Она ткнула пальчиком в мою запылившуюся помятую юбку, что топорщилась из-под узкого платья, выглядевшего ничуть не лучше.
— С трудом, — абсолютно честно ответила я.
— Пошли! — девочка схватила меня за руку и потащила к двери.
— Мне надо… — попыталась отбиться я от настырной провожатой, но кто бы меня слушал.
Комната была похожа на рыночный бутик а-ля «Всё от Гуччи». Вдоль стен от потолка до пола — полки, заваленные стопками одежды. Расцветка разнообразием не отличалась — все оттенки коричневого и серого. Изредка разбавляли эту унылость белые свёртки. Одна из стен служила витриной. На ней красовались пришпиленные образцы мужских и женских туник с длинными рукавами и штанов в развёрнутом виде.

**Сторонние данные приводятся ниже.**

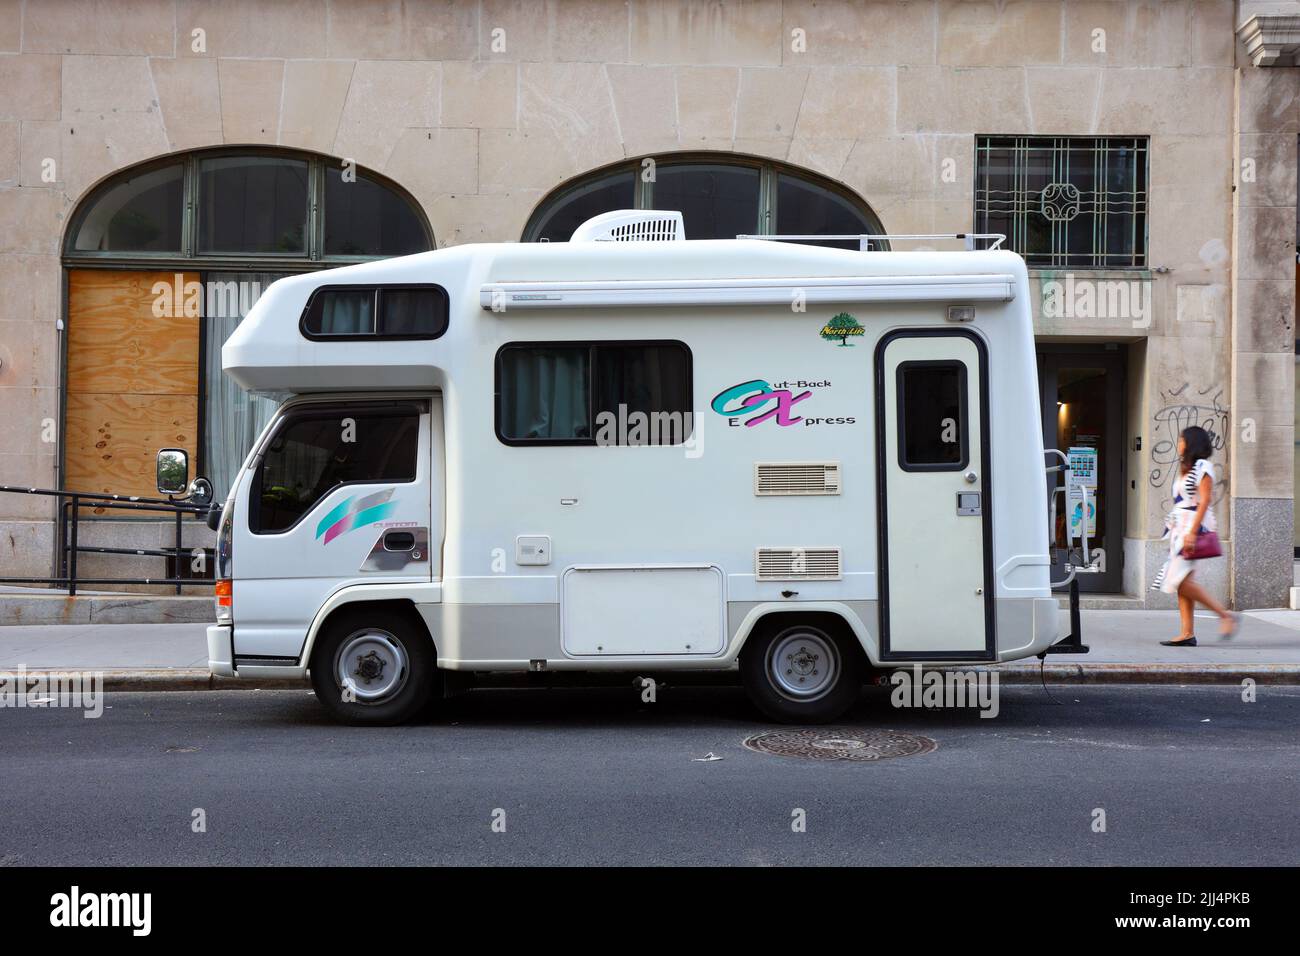 Ein Isuzu Elf Outback Express japanisches Wohnmobil mit Camper und Wohnmobil, das auf einer Straße geparkt ist. Stockfoto

Даже на глаз выглядели они удобнее традиционных костюмов, в которых мы со Стражем мучаемся.
А девочка уже совала мне в руки светло-серый сверток.
— Иди за занавеску и переоденься, а то в отхожее место даже зайти не сможешь. Не то что нужду справить.
Выпутавшись из узкого платья и перешагнув через юбку, я высунула голову и шепнула:
— Рейтузы тоже снять можно?
— Что? — удивилась моя юная наперсница и сама заглянула ко мне.
Увидев подштанники на помочах, она рухнула на пол в приступе безудержного хохота.